**Task objective:** What you return should be every line below, word for word, and none of the images.

**Data shown:**

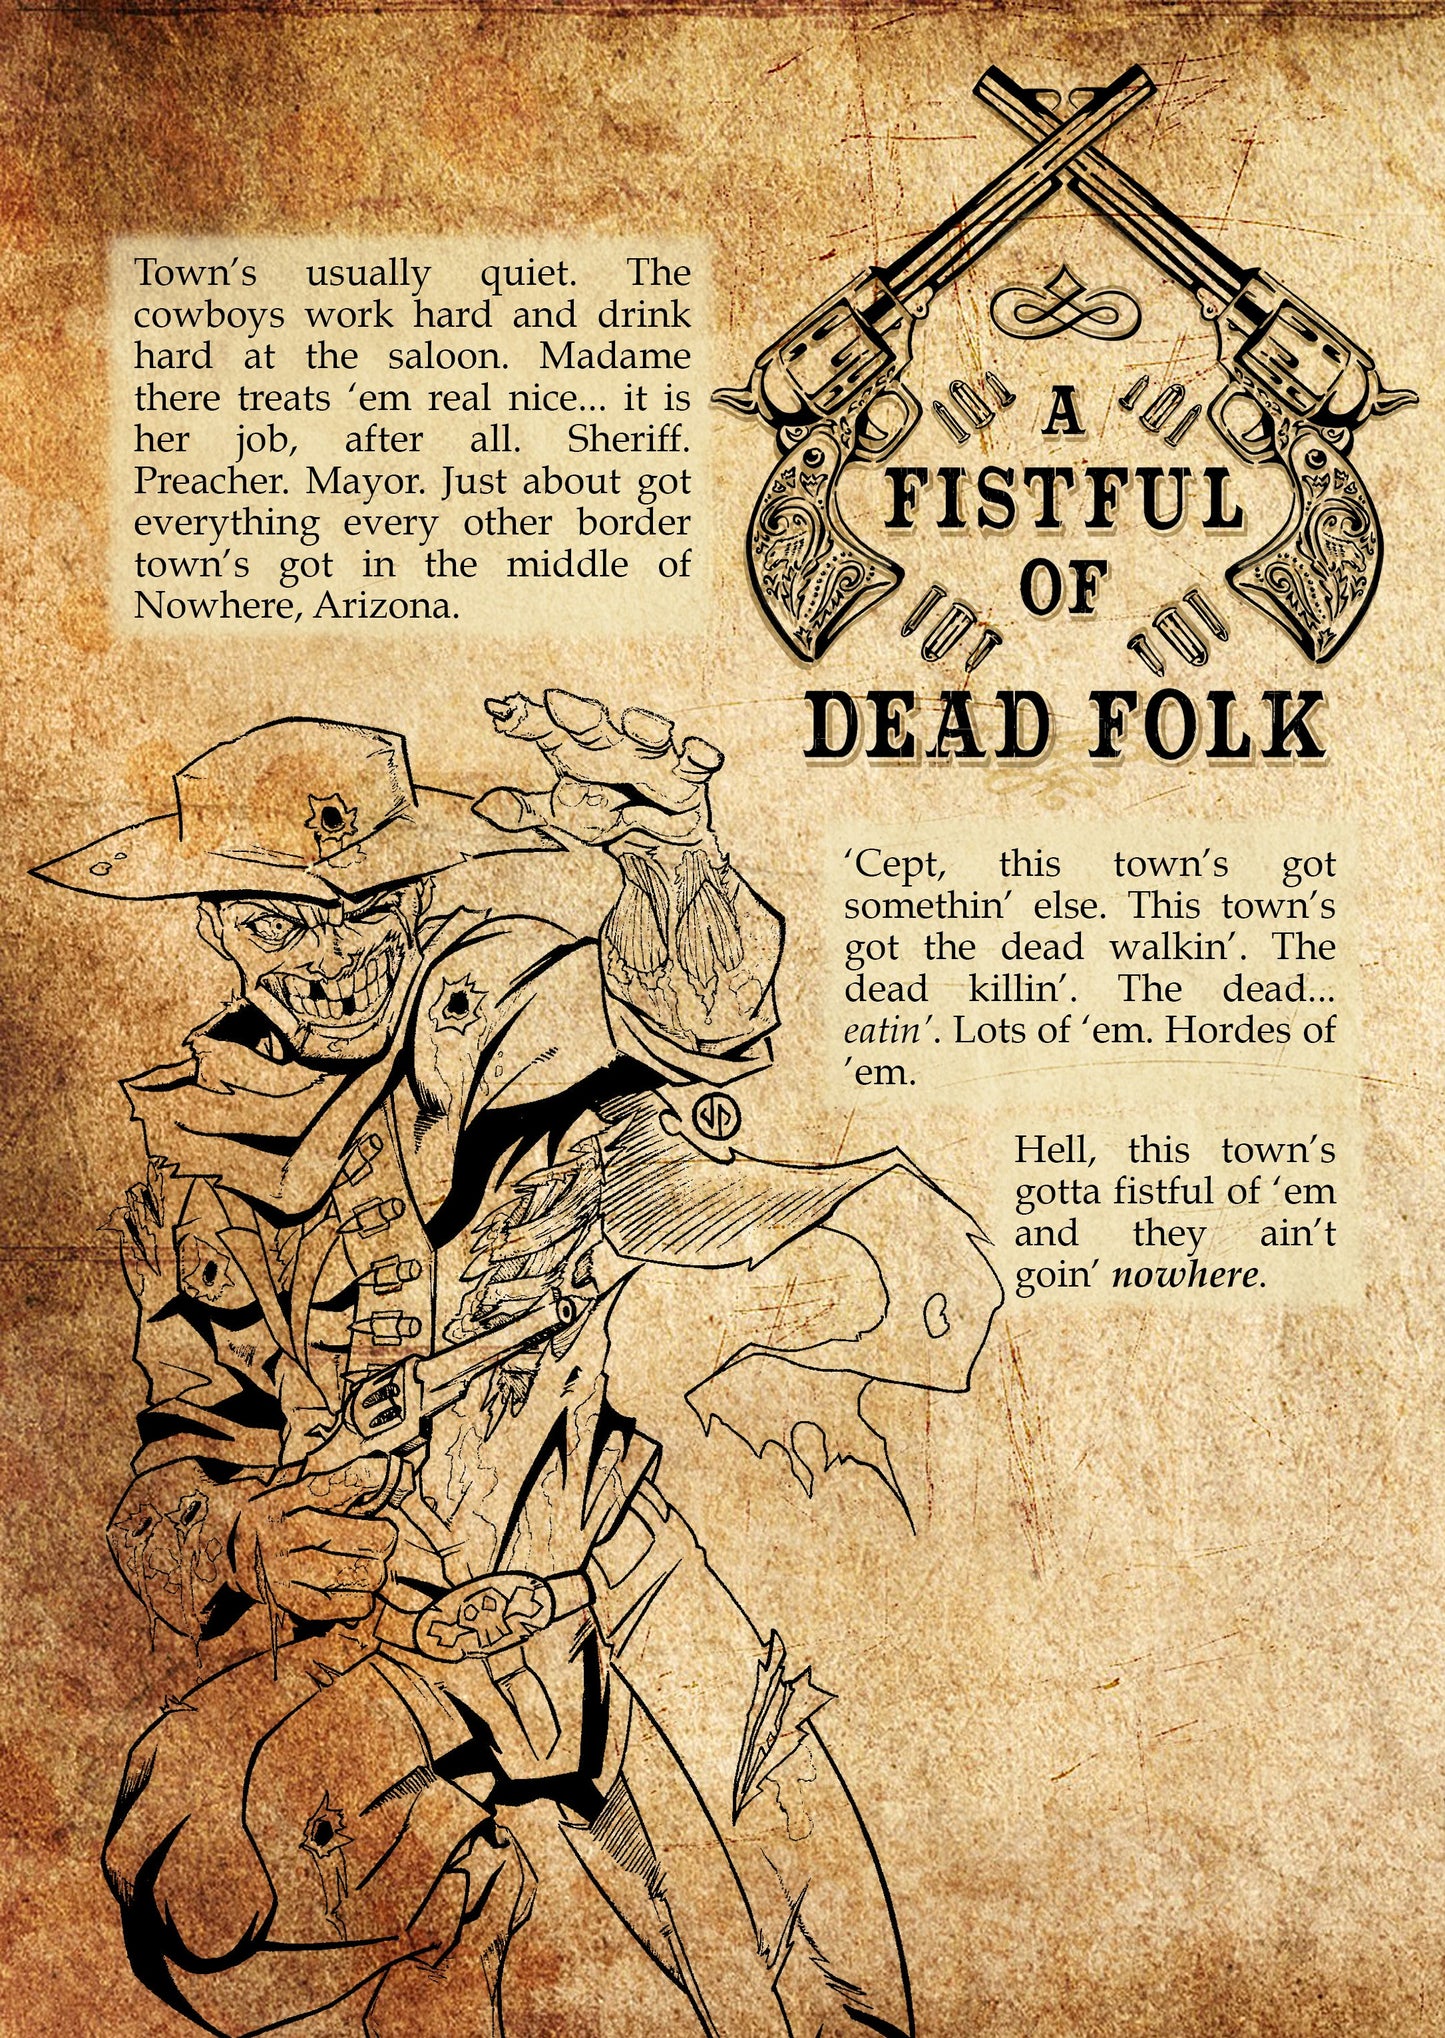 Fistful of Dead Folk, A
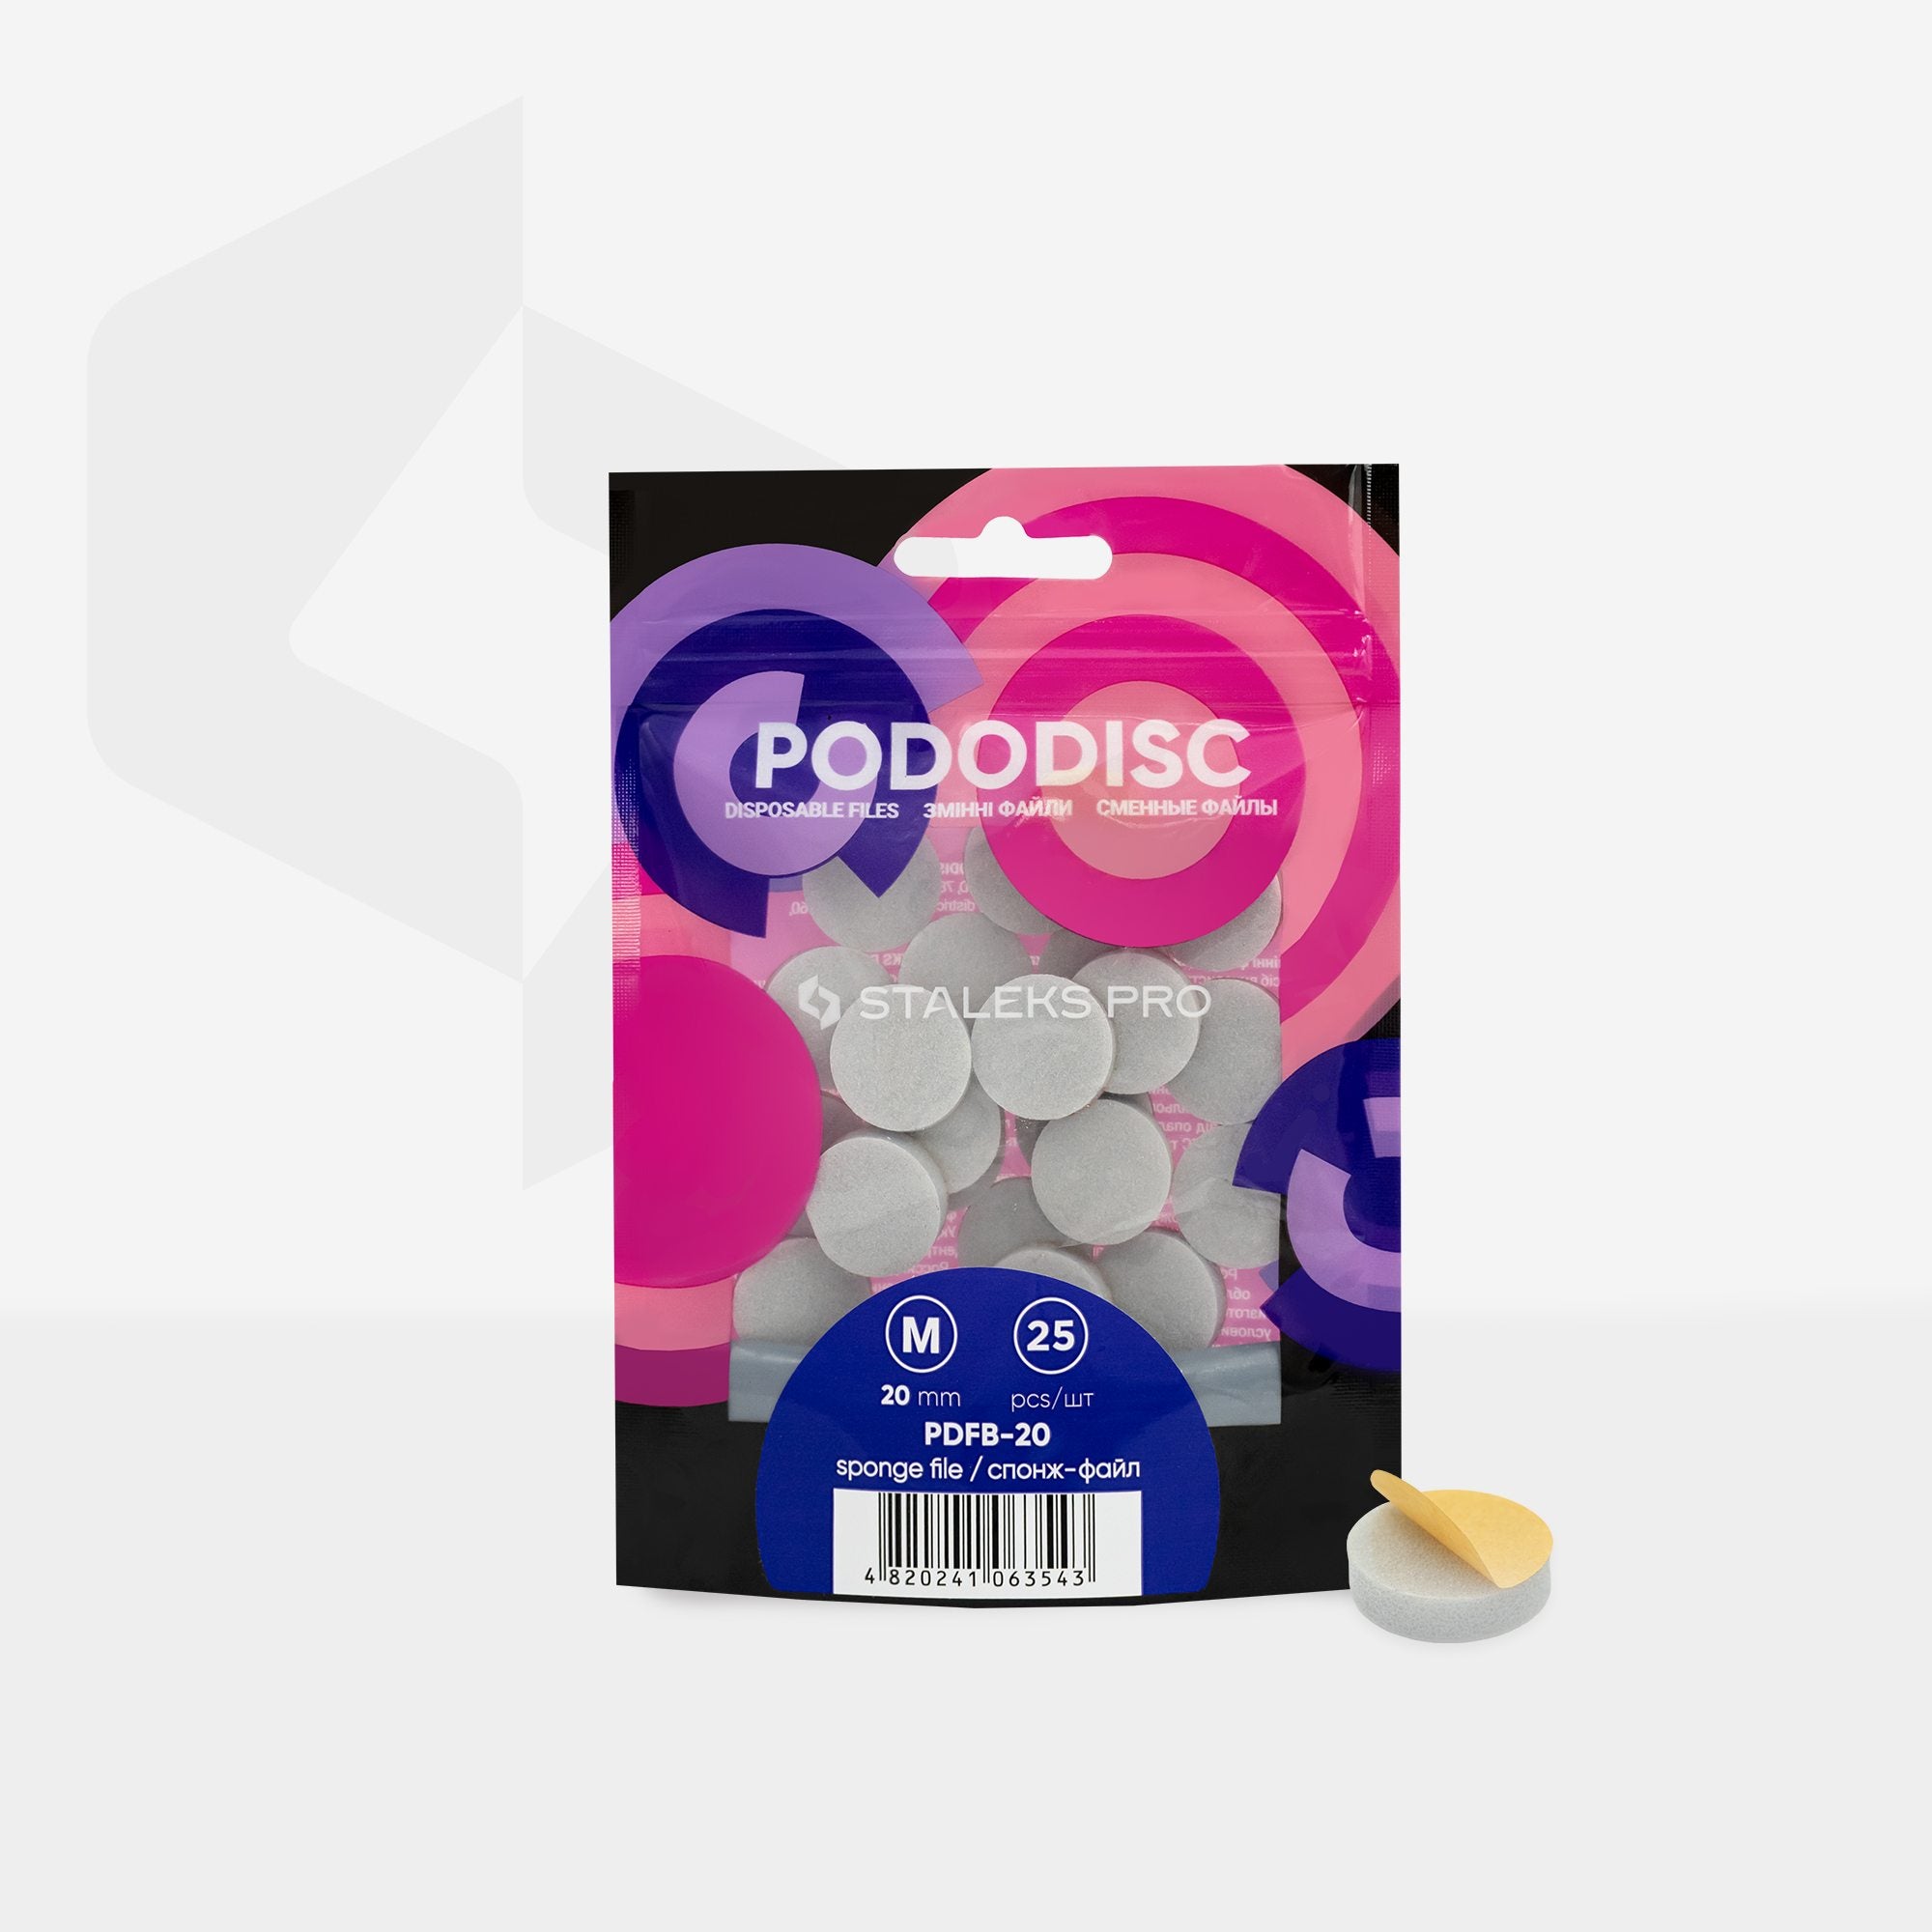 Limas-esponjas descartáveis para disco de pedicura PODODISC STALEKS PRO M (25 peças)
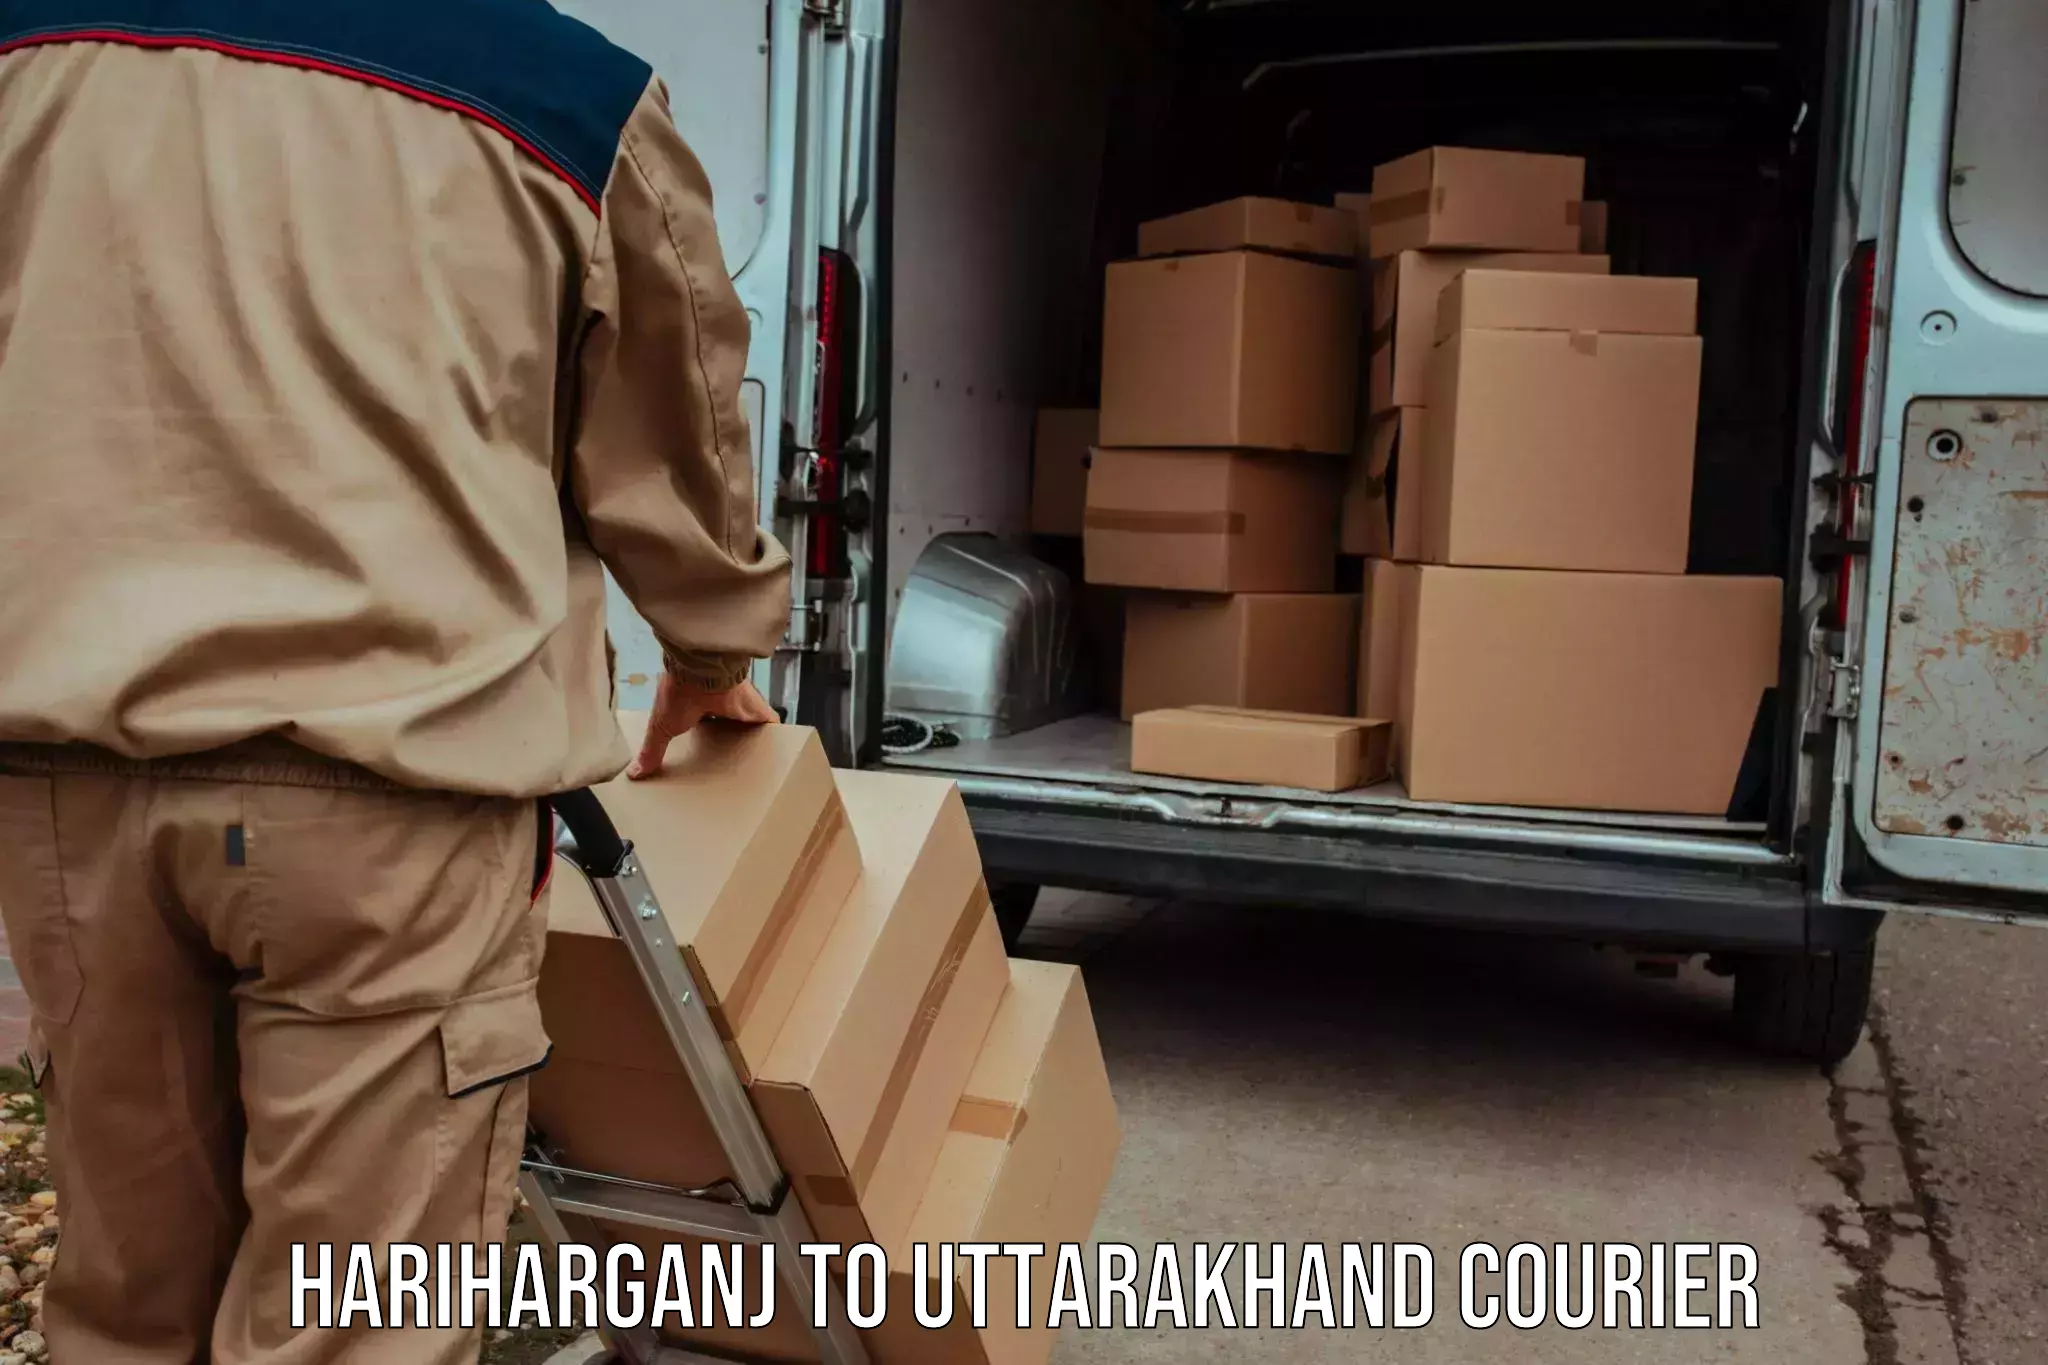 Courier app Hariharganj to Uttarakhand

**Response area:**
 Fistful of Dead Folk, A
 Limas-esponjas descartáveis para disco de pedicura PODODISC STALEKS PRO M (25 peças)
 Courier app Hariharganj to Uttarakhand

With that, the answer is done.